Moreover, a meta-analysis by Cermak et al. outlined the effects of 22 randomized controlled studies that included 680 subjects and reported that compared with a placebo, protein supplementation significantly augmented FFM gain (+0.69 kg; p < 0.001) and strength (+13.5 kg, p < 0.005) during prolonged periods (12 ± 5 weeks) of resistance training in both younger and older adults. These results provide sound evidence that protein supplementation, or adequate protein intake, is required to maximize the physiological adaptations made in response to prolonged resistance training.

In summary, muscle protein accretion in response to resistance exercise is the result of successive periods of positive muscle protein balance (23). Amino acids found in protein represent the primary effectors of skeletal muscle protein metabolism through their ability to stimulate increased rates of MPS, suppress breakdown, and promote a net positive protein balance (14). The provision of essential amino acids favorably influences muscle protein balance over a 24-hour period by eliciting changes in muscle protein turnover (49). Protein supplementation (whey, casein, and amino acids in particular) impacts the regulation of muscle mass (25) stemming from the resultant net positive protein balance (14,35). Finally and most convincingly, LBM gains occur in trained and untrained young populations and older adults after periods of concurrent resistance training and protein supplementation (13). Thus, protein supplementation serves as an empirically based means to maximize enhancements in FFM during periods of resistance training with anticipated improvements ranging from 1 to 3 kg over approximately 12 weeks.

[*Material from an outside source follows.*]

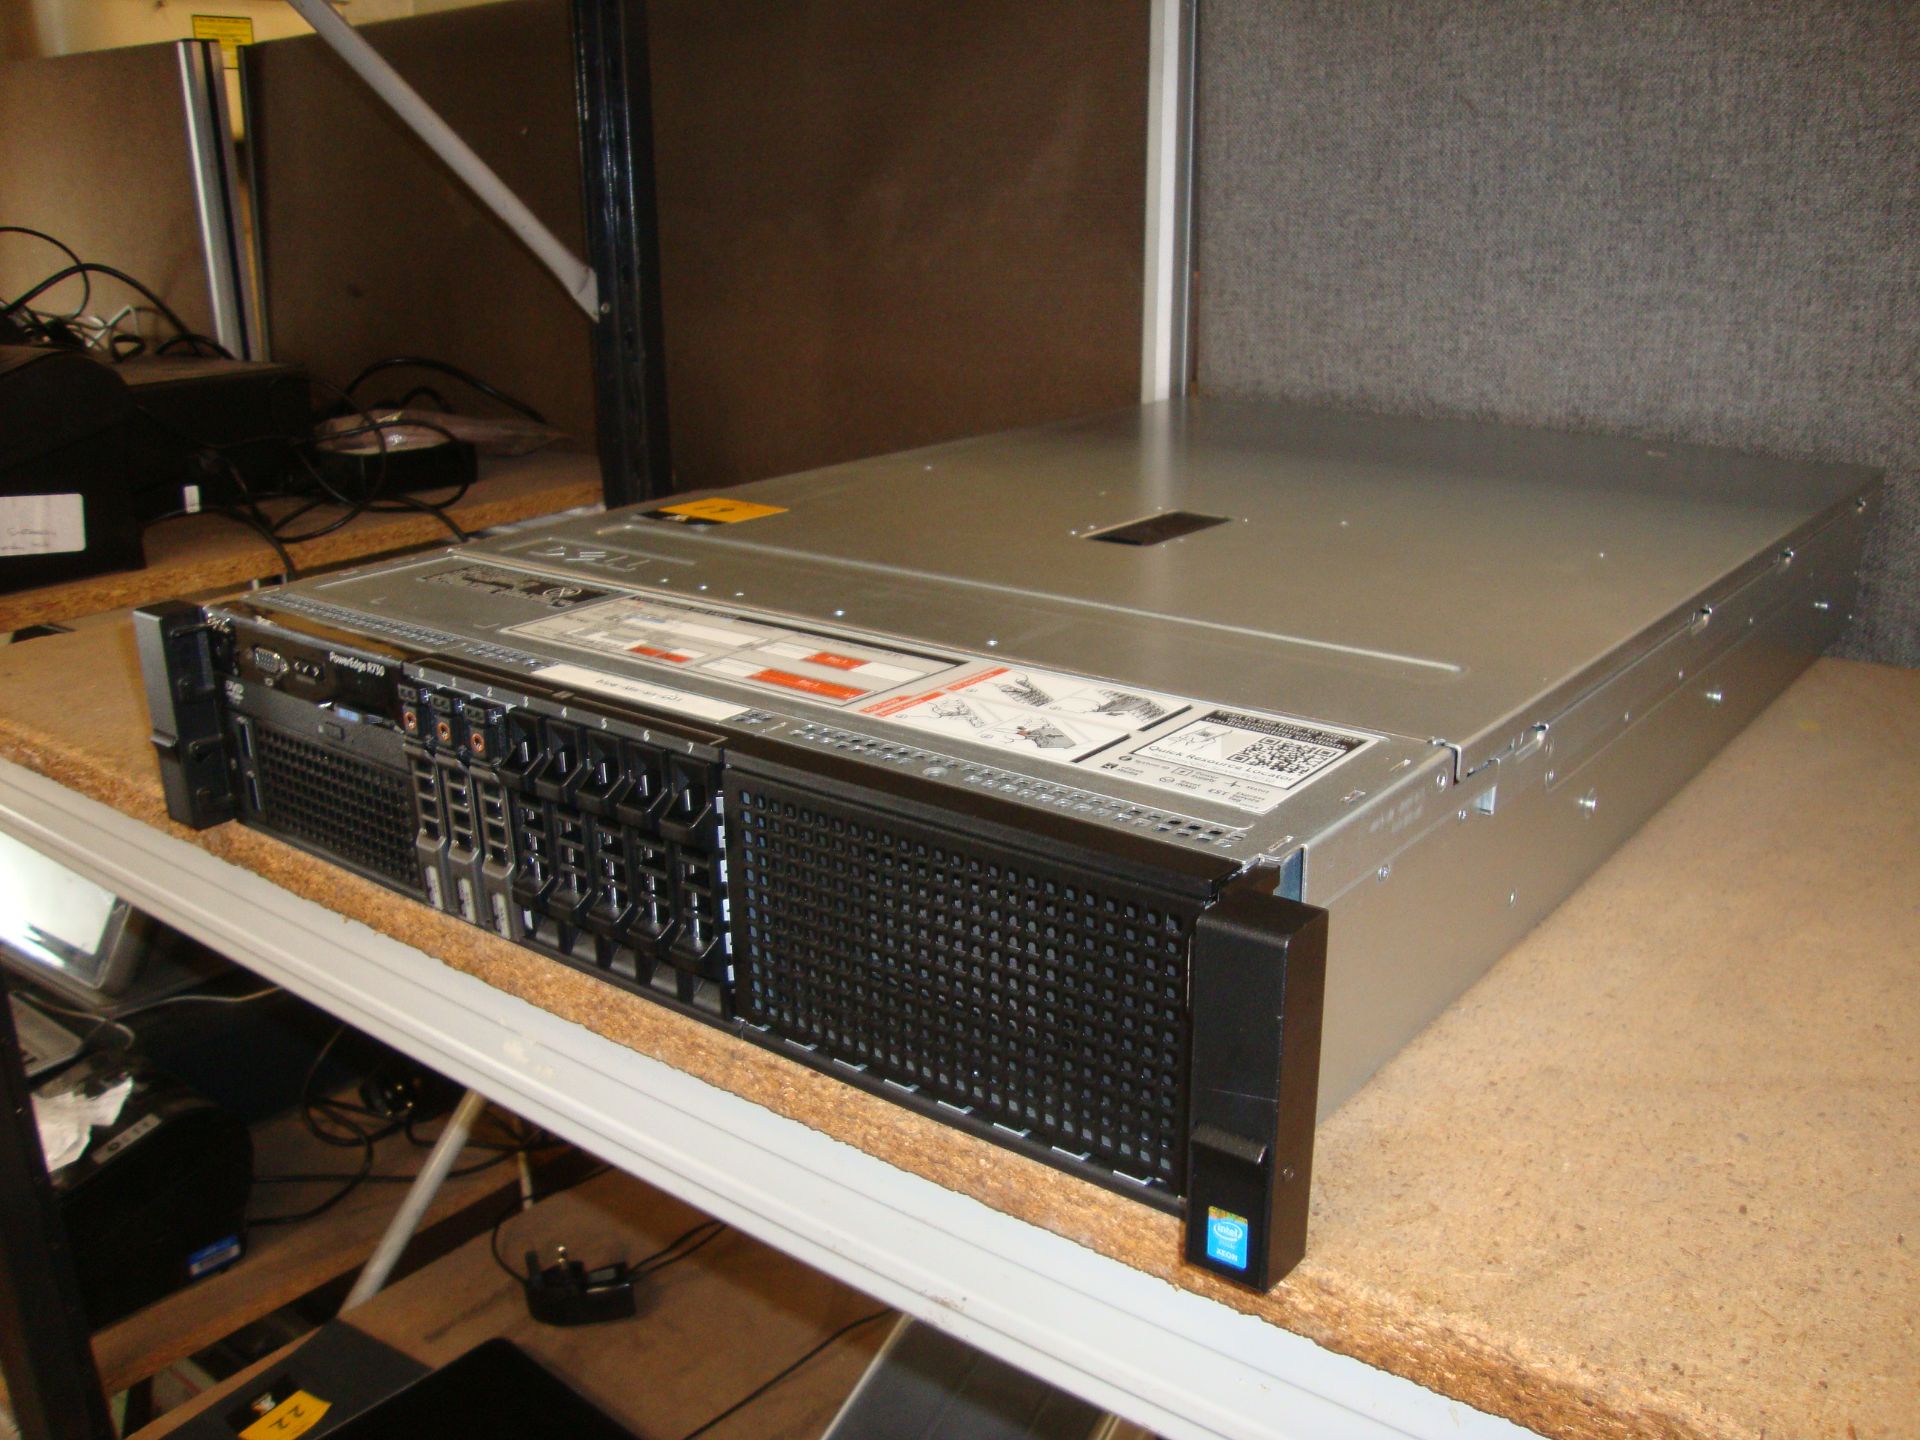 Dell PowerEdge model R730 server with twin Xeon 6 Core E5-2609 V3 1.9 GHz processors, 96Gb RAM, - Bild 2 aus 15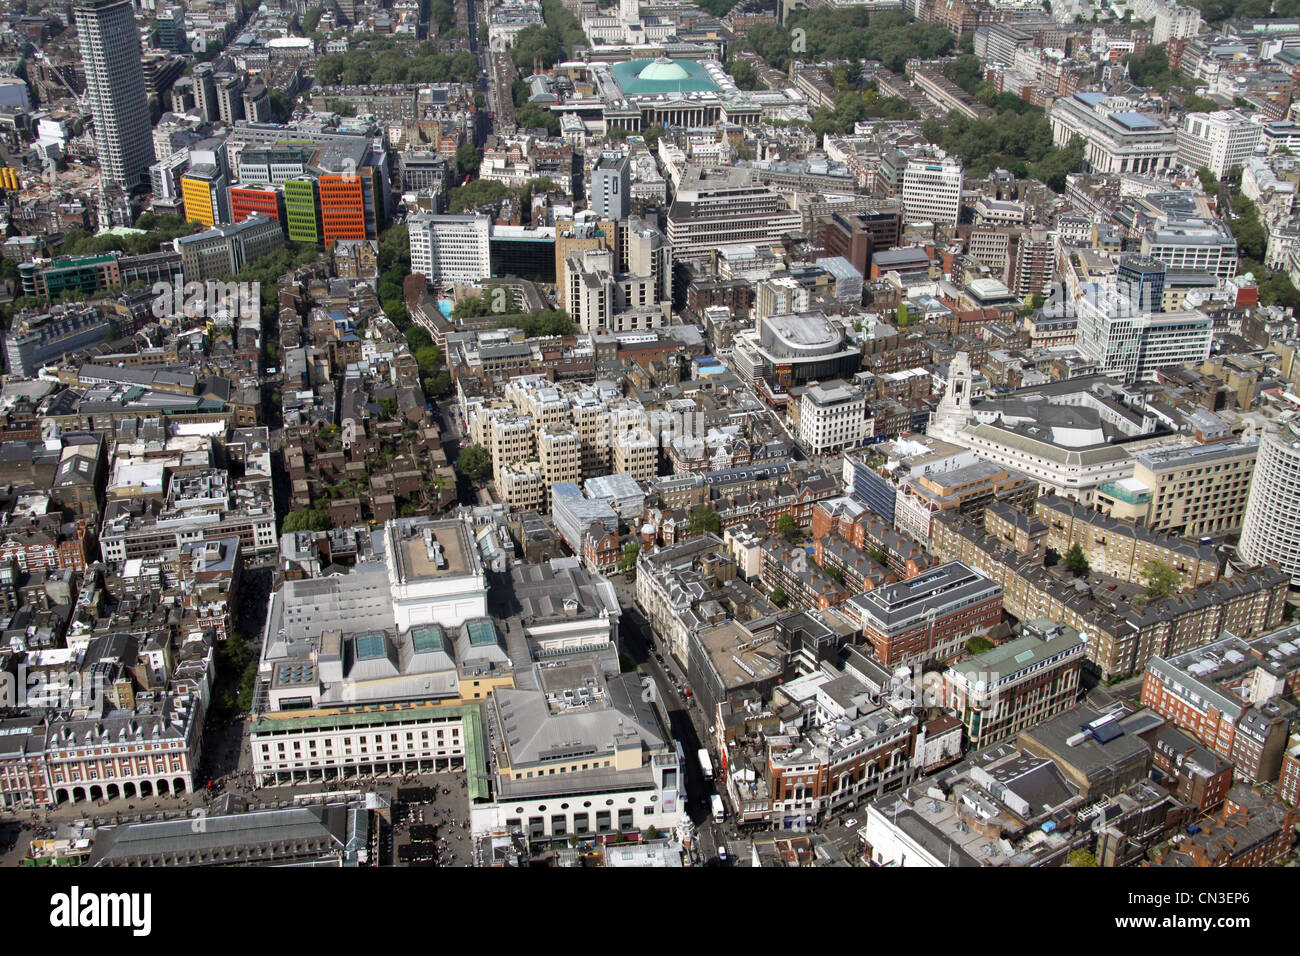 Vue aérienne de Covent Garden, Drury Lane, The Strand & Aldwych, Londres Banque D'Images

FORFEIT THE FAT, MAINTAIN THE LEAN: OPTIMIZING WEIGHT LOSS WITH PROTEIN

Weight loss through diet, exercise, or a combination can confer a host of benefits, including decreased cardiovascular disease risk, improved blood lipid profile, and improved body composition. For individuals seeking to lose weight, energy-restricted or hypoenergetic diets are needed to induce weight loss, but if restriction is severe, the potential for skeletal muscle atrophy and losses in LBM occur. Research by Layman and Kerksick reveals that caloric prescriptions in women that range from 1,200 to 1,600 calories per day in combination with resistance-based exercise programs at a frequency of 3–5 d/wk for 90–150 minutes per week can promote progressive weight loss without sharp reductions in FFM (27,32). Restriction of caloric intake below these levels (500–1,000 kcal/d) is likely to induce sharp reductions in body mass, with a significant proportion of weight loss coming from LBM. Weight loss of this type can negatively impact metabolic rate and in athletic populations, recovery, and performance (36,43), largely due to the reduction seen in FFM. In addition to protein's ability to spare loss of FFM while restricting calories, protein also helps in dieting individuals due to its slower overall digestibility when compared with carbohydrate and fat and its greater impact on satiety (40).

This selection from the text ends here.